GOAL OF THE EXERCISE | With the images removed, return every line below exactly as it reads.

Start of DATASET SECTION

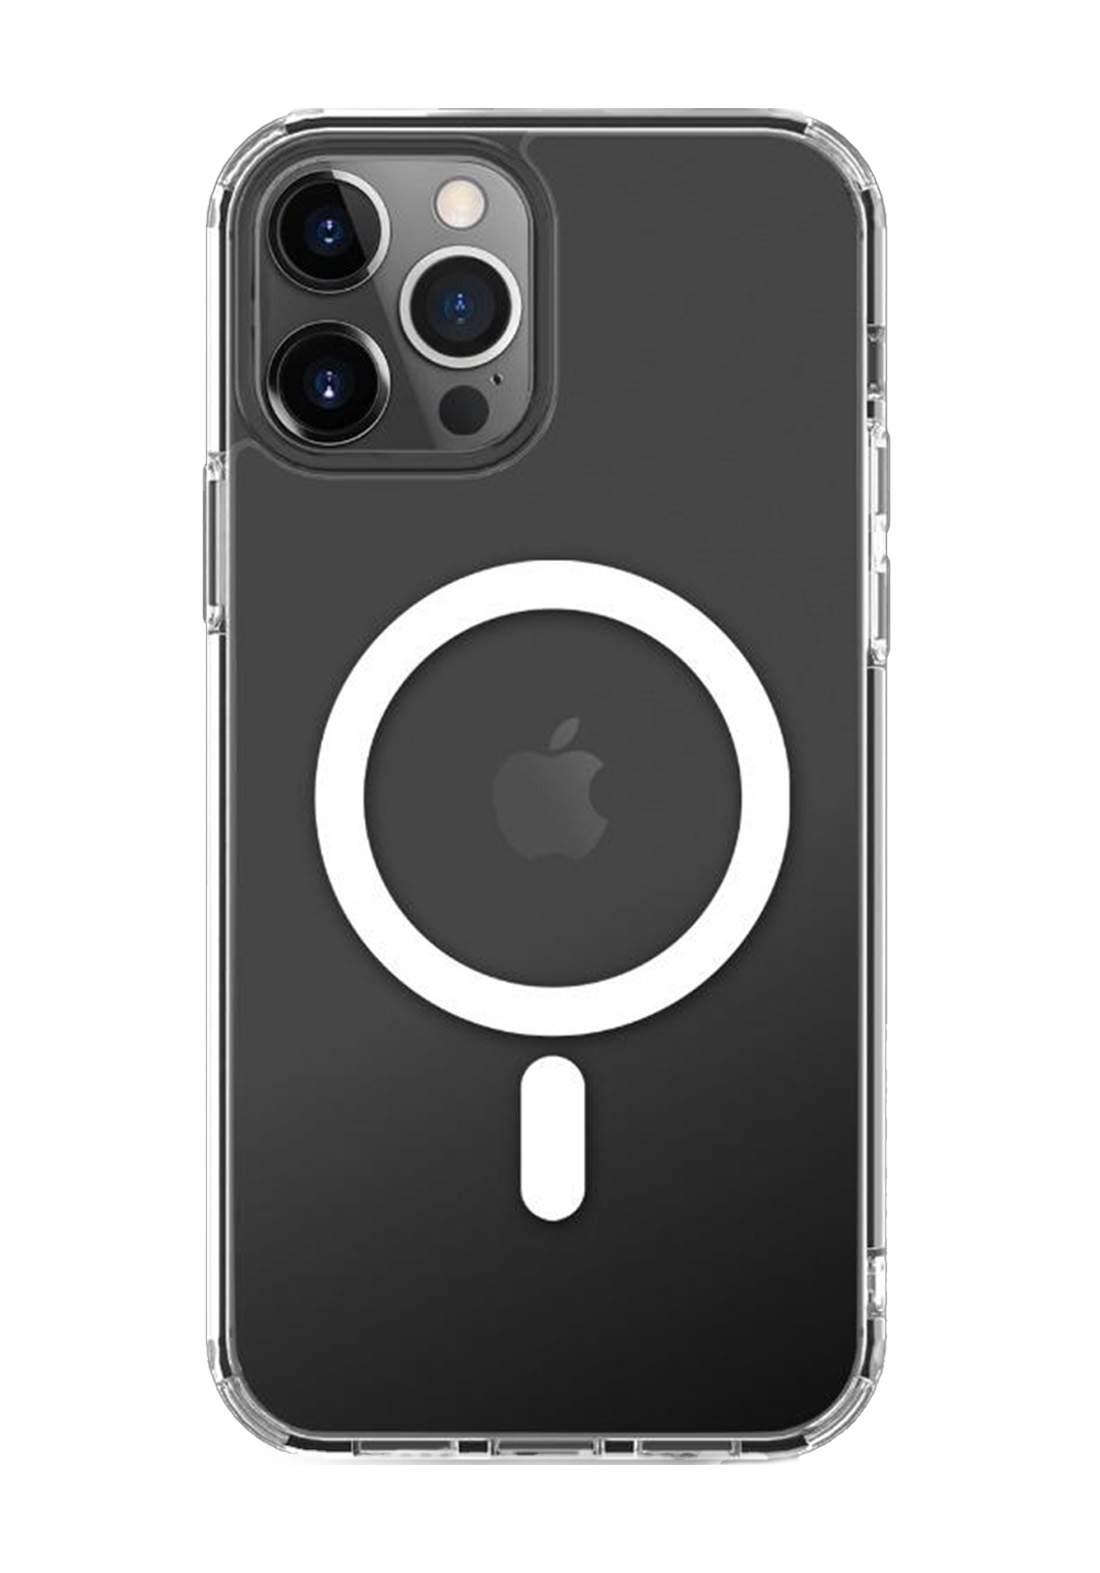 Viva Madrid VanGuard Halo Clear Case for iPhone 12 Pro Max حافظة موبايل
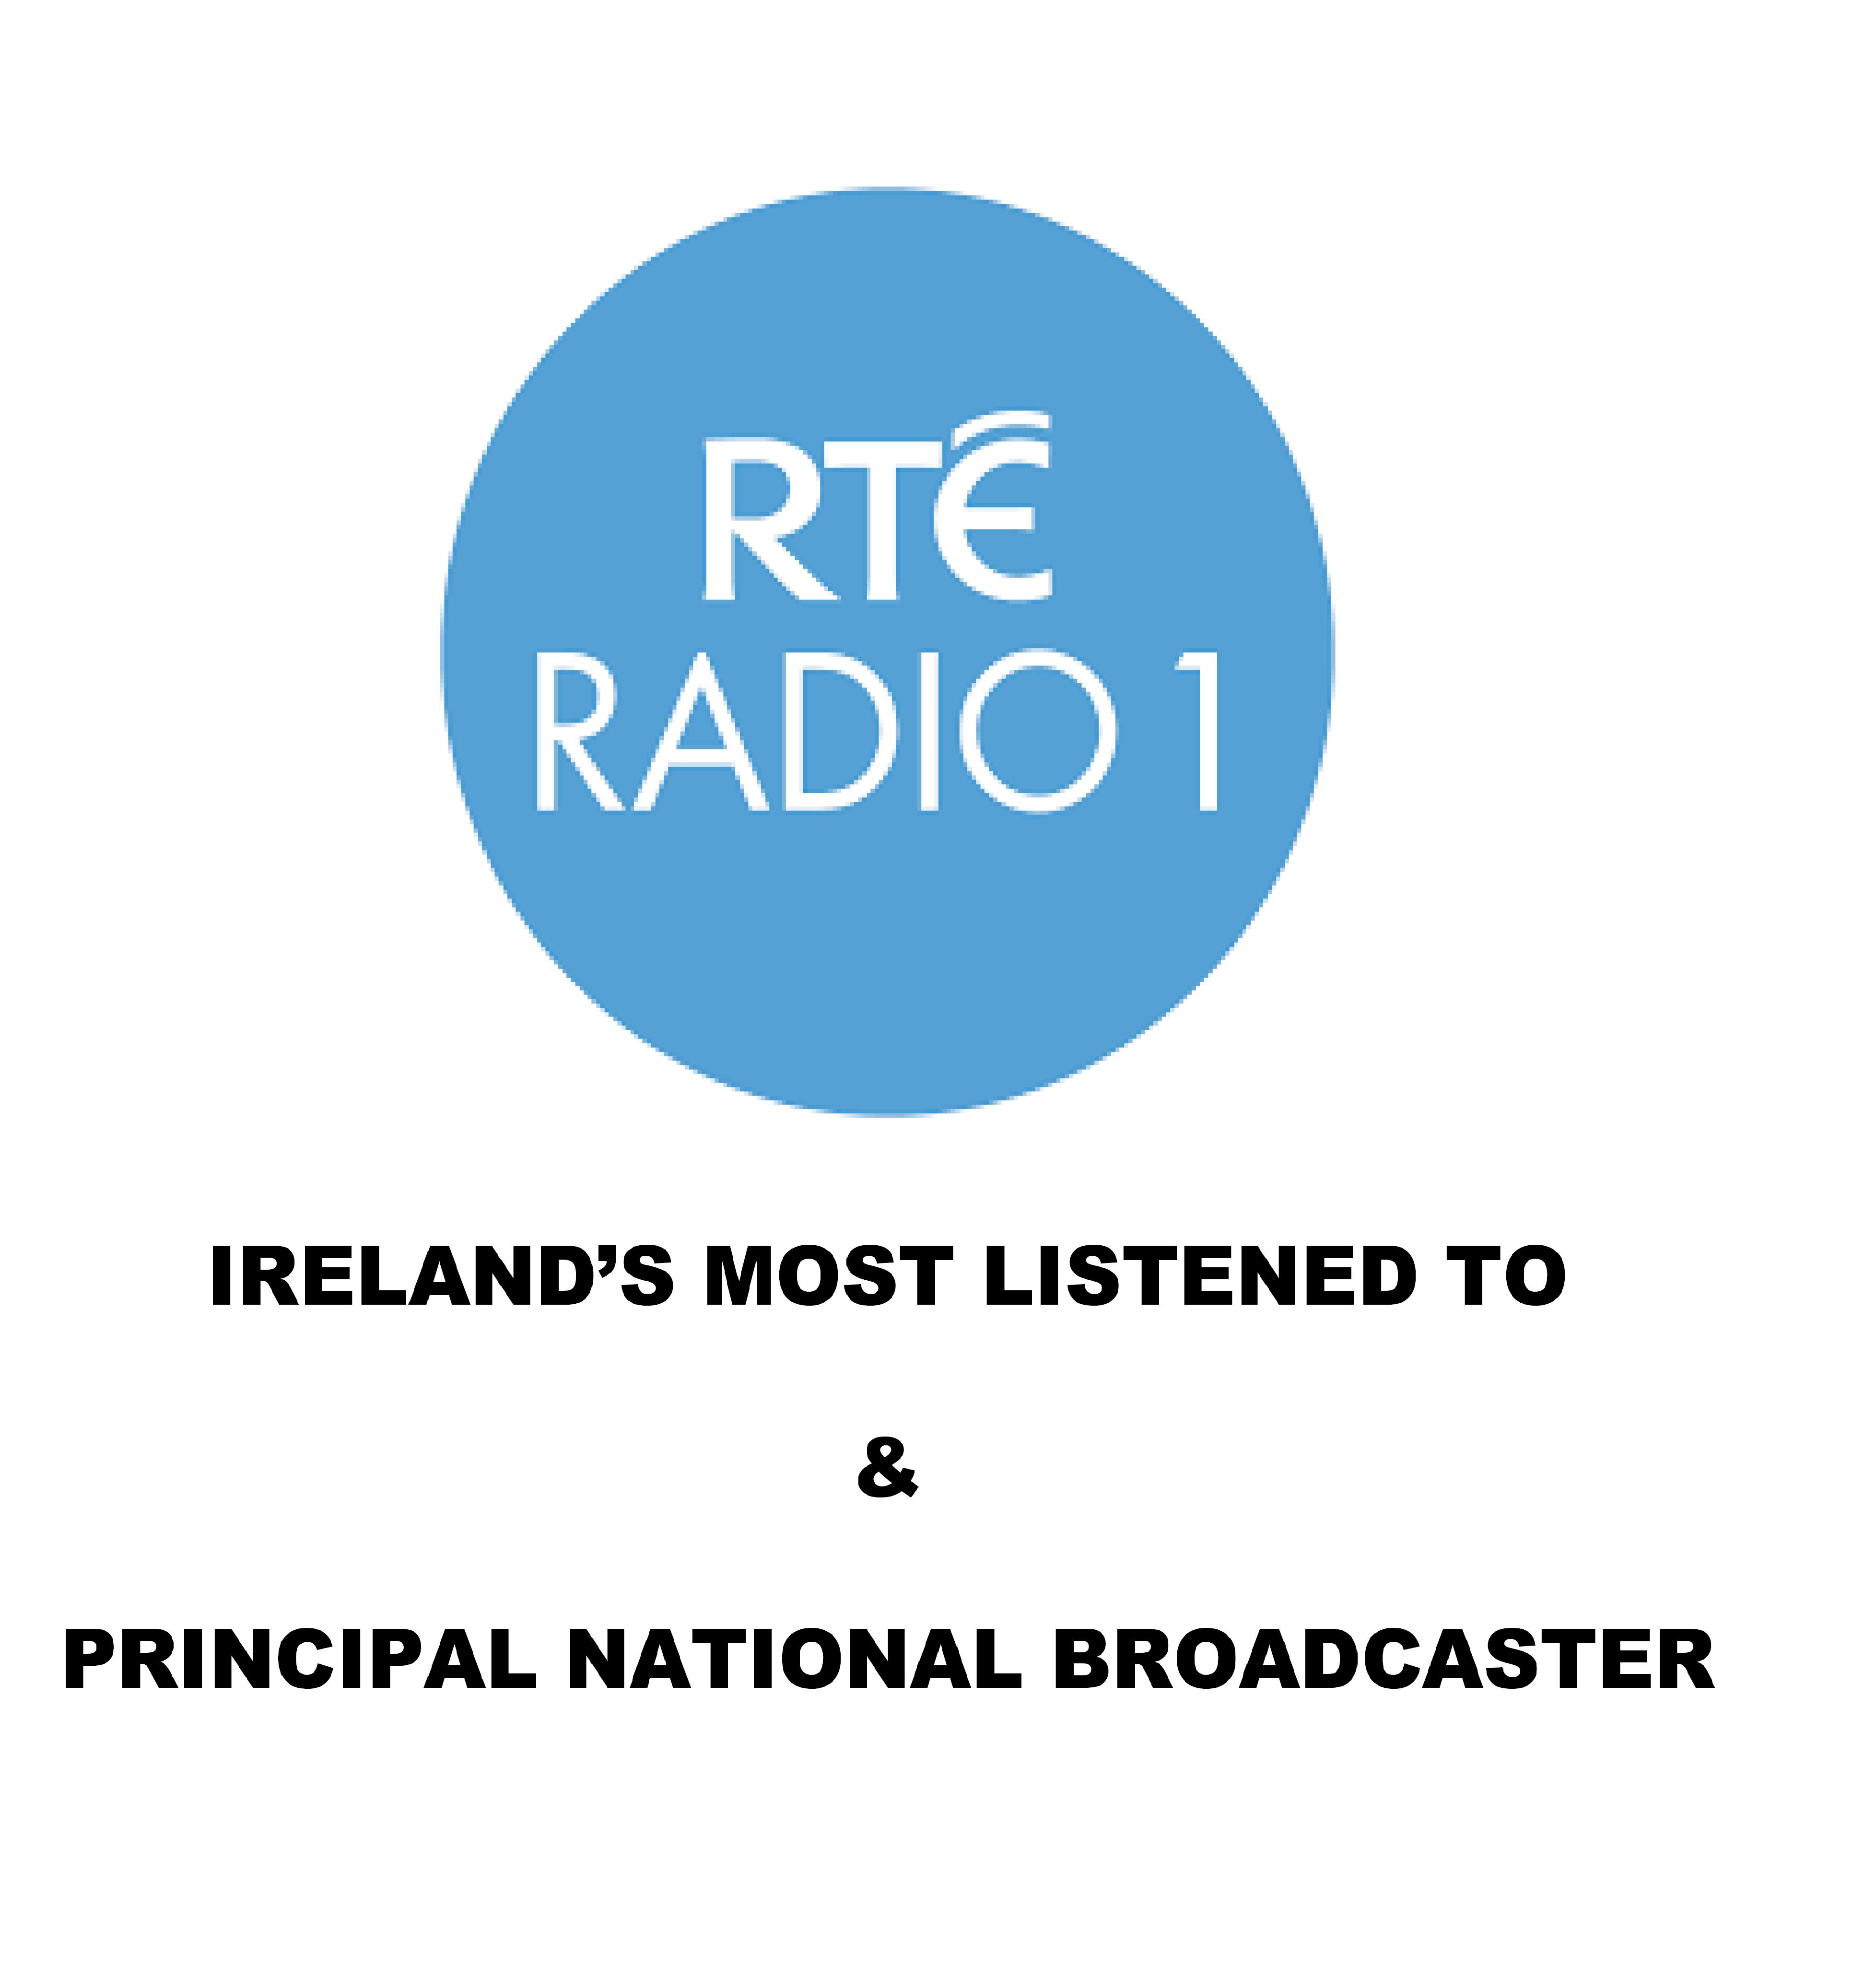 RTE logo and strapline
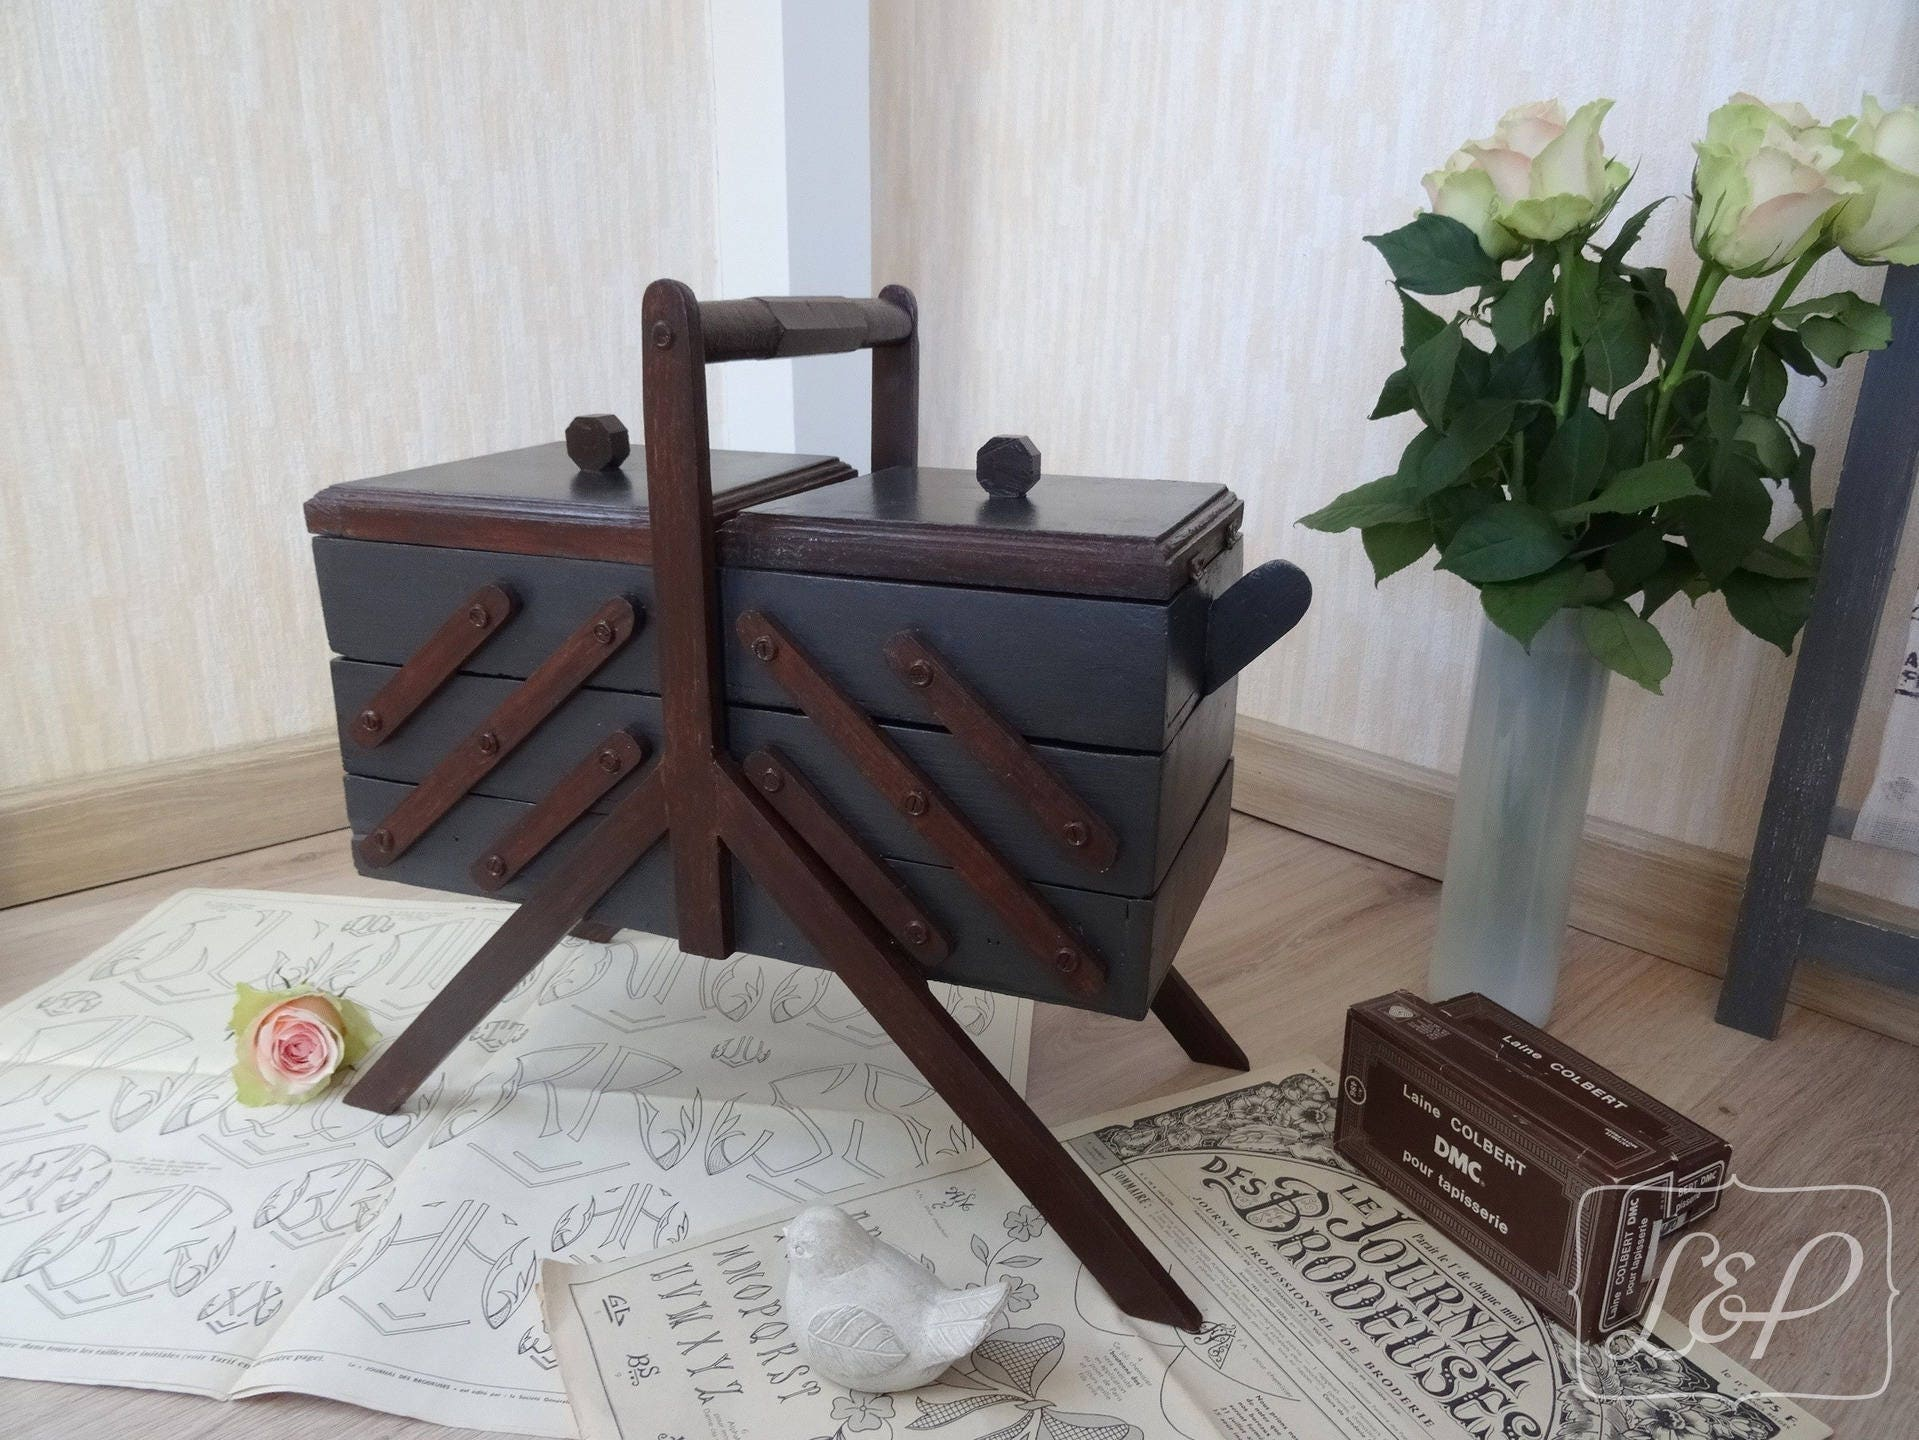 Décoratrice D Intérieur Rodez vintage worker makeover, box knitting art deco furniture sewing patina,  interior decoration, storage, living room furniture

End of DATASET SECTION

RESULT OF THE EXERCISE |
 Viva Madrid VanGuard Halo Clear Case for iPhone 12 Pro Max حافظة موبايل
 RTE logo and strapline
 Décoratrice D Intérieur Rodez vintage worker makeover, box knitting art deco furniture sewing patina,  interior decoration, storage, living room furniture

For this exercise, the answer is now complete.